Un sudor helado brotó de todos los poros del cuerpo del ganadero.
—¡El Cobra! —exclamó. Y, como tratando de luchar contra aquella terrible sospecha, agregó—: ¡No, no! ¡Estás muerto!
Pack Manigan, desde el centro del patio, avanzó lentamente hacia él. Llevaba las manos caídas contra las piernas, cerca de la funda de su revólver. Connor, que aún estaba en el porche, quiso retroceder hacia el interior de la casa; pero sus fuerzas no se lo permitieron.
—¡El Cobra!… —repitió de nuevo.
De súbito las palabras del Coyote resonaron en su cerebro. El castigo procedía de Dios. Le enviaba el fantasma del Cobra…
—¡No! —chilló—. Los fantasmas no tienen sombra y tú tienes sombra.
Más tarde, Guy Pierce dijo que hasta él hubiera sacado más deprisa el revólver. Breed Connor, sintiendo plomo en las manos y en las articulaciones, trató de desenfundar su Colt; pero cuando al fin lo tuvo fuera de la funda era ya demasiado tarde y las piernas se le estaban doblando porque tres balas disparadas por Pack Manigan le habían arrebatado ya la vida. Lo último que vieron sus ojos fue el pálido rostro del hombre a quien creía muerto desde hacía muchas semanas. Luego, todo se borró de sus ojos y sólo oyó, como sonando muy lejos, la voz del Coyote repitiéndole que él no le mataría.
Un momento después sintió en los labios el sabor de la tierra seca, del polvo al que volvía después de una vida vergonzosa.
*****
—No sé cómo pagarle todo lo que ha hecho por mí —dijo Pack Manigan, estrechando la mano del Coyote.
—No tiene importancia —replicó el enmascarado—. Ante todo vuelva al penal.

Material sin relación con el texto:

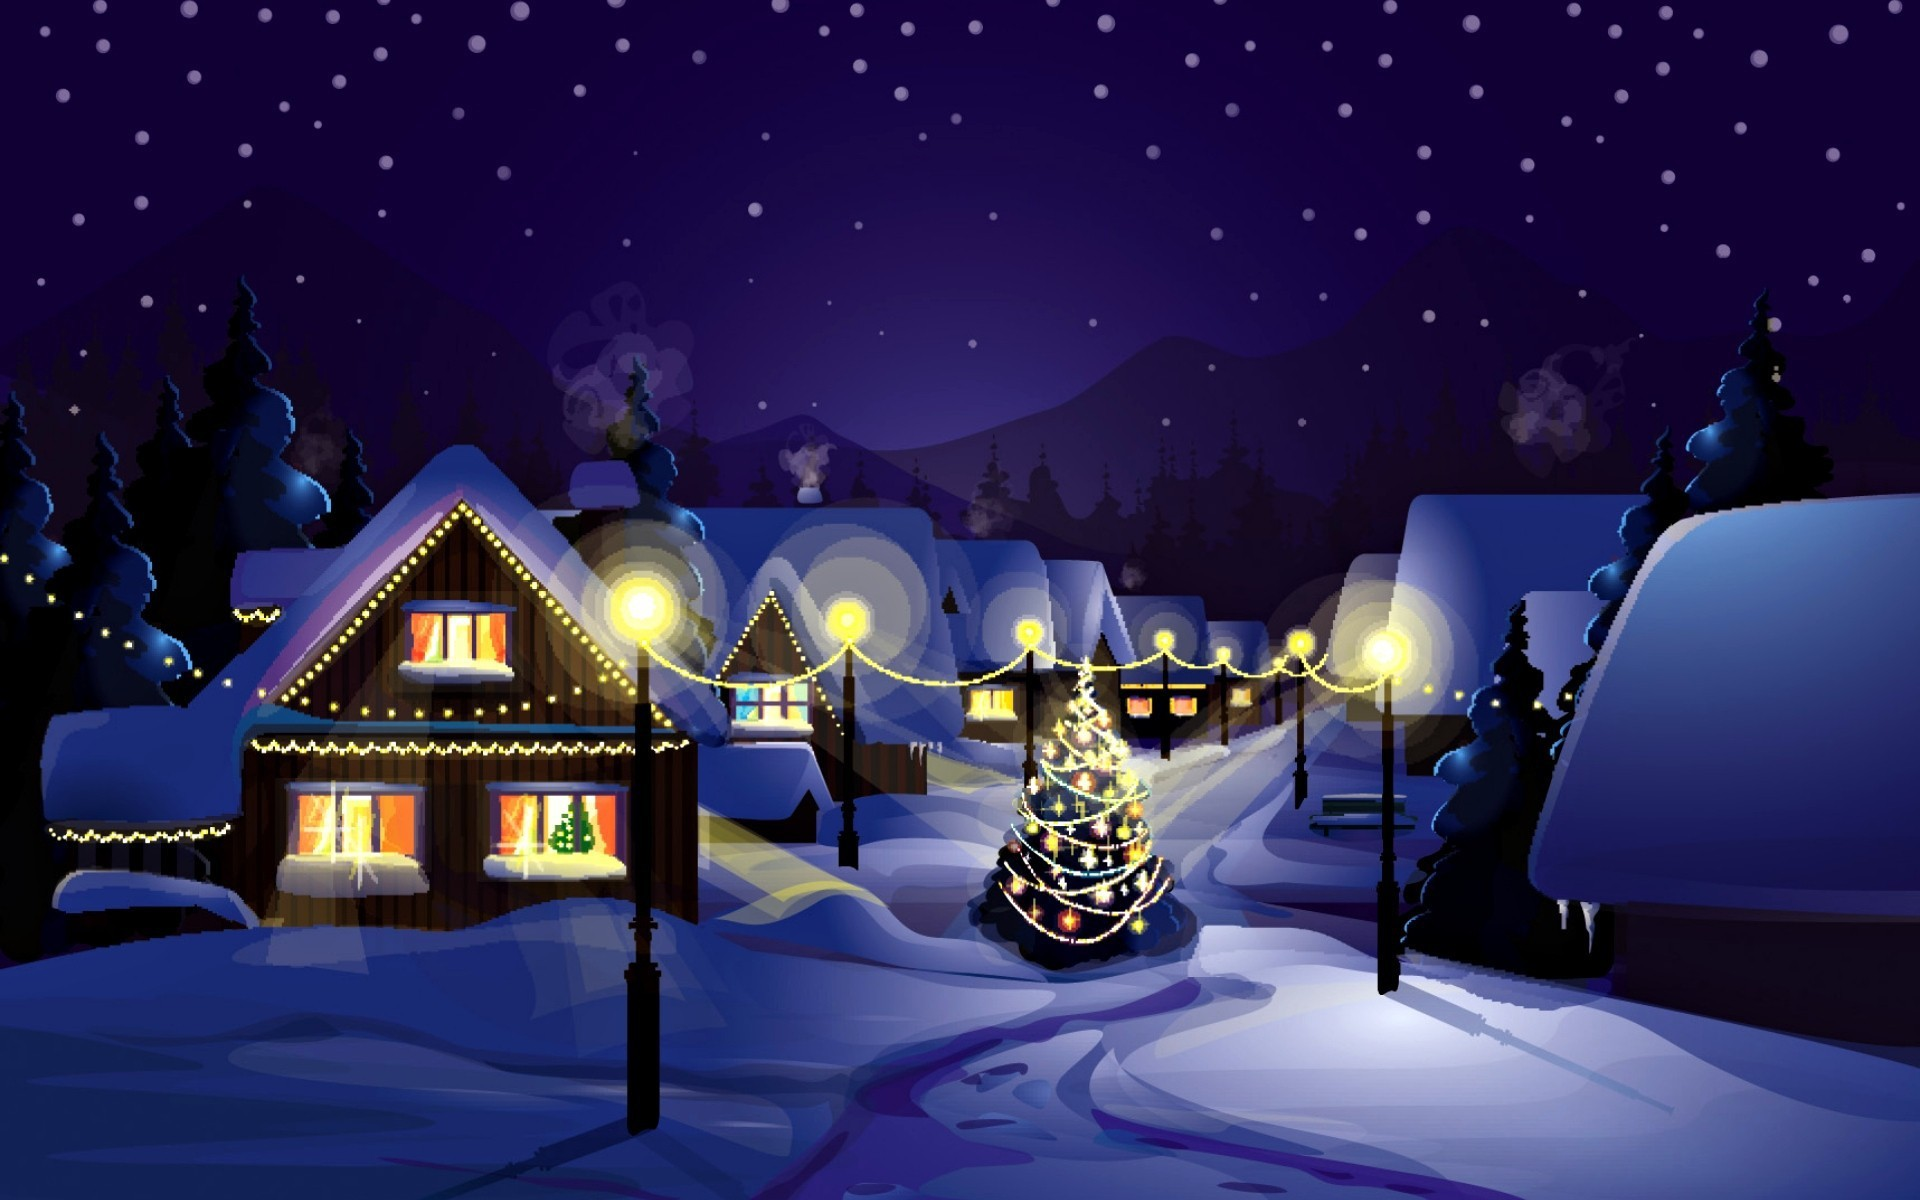 Animated Christmas Desktop Backgrounds.

Estos testigos confirmarán su inocencia respecto a los delitos cometidos en el valle. Se revisará su causa y será indultado. Y cuando salga, creo que habrá una mujer esperándole para levantar entre los dos su hogar aquí. Y no sólo su hogar, sino la presa que ha de llevar el agua a todos los rincones del valle de San Arcadio. Entonces volverán los que se marcharon. Devuélvales sus tierras y conviértase en el encargado de hacer respetar la ley.
El Coyote había montado a caballo y marchaba ya hacia la salida del valle. Detrás de él caminaba Pack Manigan hacia la mujer que ahora le aguardaba a la puerta de su casa.
Sin saber por qué, El Coyote se encontró pensando en Guadalupe. También ella le estaba aguardando, con una esperanza no formulada; pero que él adivinaba.
Súbitamente el enmascarado se dio cuenta de que estaba espoleando a su caballo y de que sentía un gran anhelo de llegar lo antes posible al rancho a cuya puerta debía de estar, también, aquella otra mujer.